The writers are capped at a dollar each, and the whole thing sits behind a flock so concurrent session-ends queue instead of racing the git index. It runs after I close the terminal. I never see it happen — I see the effects: a context file that stays under 800 lines no matter how busy the quarter gets, and a session that starts sharp instead of wading through three months of residue.

Why This Shape

Three decisions did most of the work.

Detect and remediate separately. The lint is dumb and never blocks; the steward is smart and runs conditionally. A dumb tripwire firing a smart cleanup beats one clever gate that risks the commit it’s attached to.

Move, don’t delete. Every promotion is a transfer to a lower tier. The working set shrinks; the history is intact. The system can always trace deep when it needs to — it just doesn’t carry that weight into every session.

Put judgment in an agent, thresholds in a script. Line counts decide when to act. An agent reading the graph decides what to act on. The cheap, deterministic check triggers the expensive, reasoned one — and only when it’s actually needed.

Tradeoffs

Opacity compounds. I already don’t read the context graph. Now there’s a janitor rewriting it on its own judgment, too. It’s agents maintaining agents’ memory. The mitigation is the same as it’s always been — plain text, in git, every change diffable — but the surface I’d have to audit to catch a quiet misjudgment keeps growing.

The thresholds are guesses. 500 lines, 90 days, three weeks. I tuned them by feel, not measurement. They’re probably wrong by some margin I haven’t bothered to find — though “wrong” here just means the steward runs a little more or less often than ideal, which is a cheap kind of wrong.
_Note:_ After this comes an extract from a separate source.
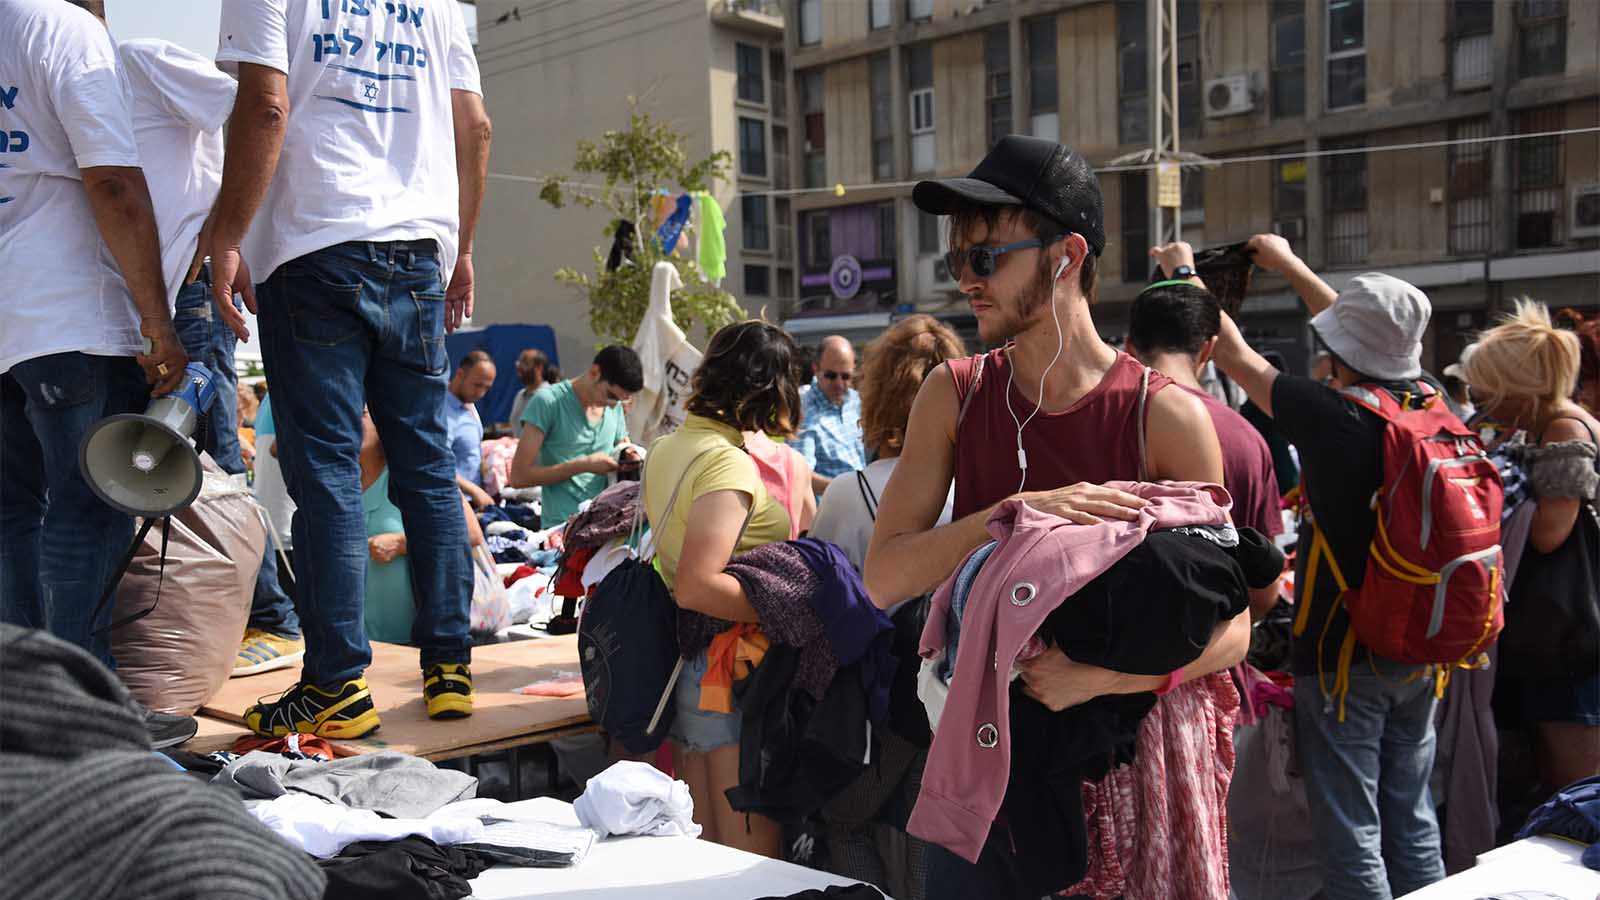 הפגנת התנועה לעידוד האופנה בישראל במחאה על מדיניות האוצר. 7 ביוני (צילום: מור הופרט)

It’s another thing that can silently stop. A flat file you edit by hand has no failure mode. This has a hook, a lint, and a conditional agent, any of which can break without announcing it. If the steward quietly stops running, nothing fails — the files just start growing again, and I won’t notice until a session feels sluggish.

The Principle

The series has had one throughline: plain text, simple conventions, AI that maintains its own state. This is the next turn of it. A system that writes its own memory will, without intervention, bury itself in that memory. You can’t solve that by writing less — the volume is doing real work. A forcing function solves it instead: a signal that costs nothing and blocks nothing, paired with a janitor that has enough judgment to act on it.

The building blocks haven’t changed. The new idea is small and, in hindsight, obvious: self-maintaining memory needs a self-maintaining cleanup — one that reasons about what to keep instead of blindly truncating.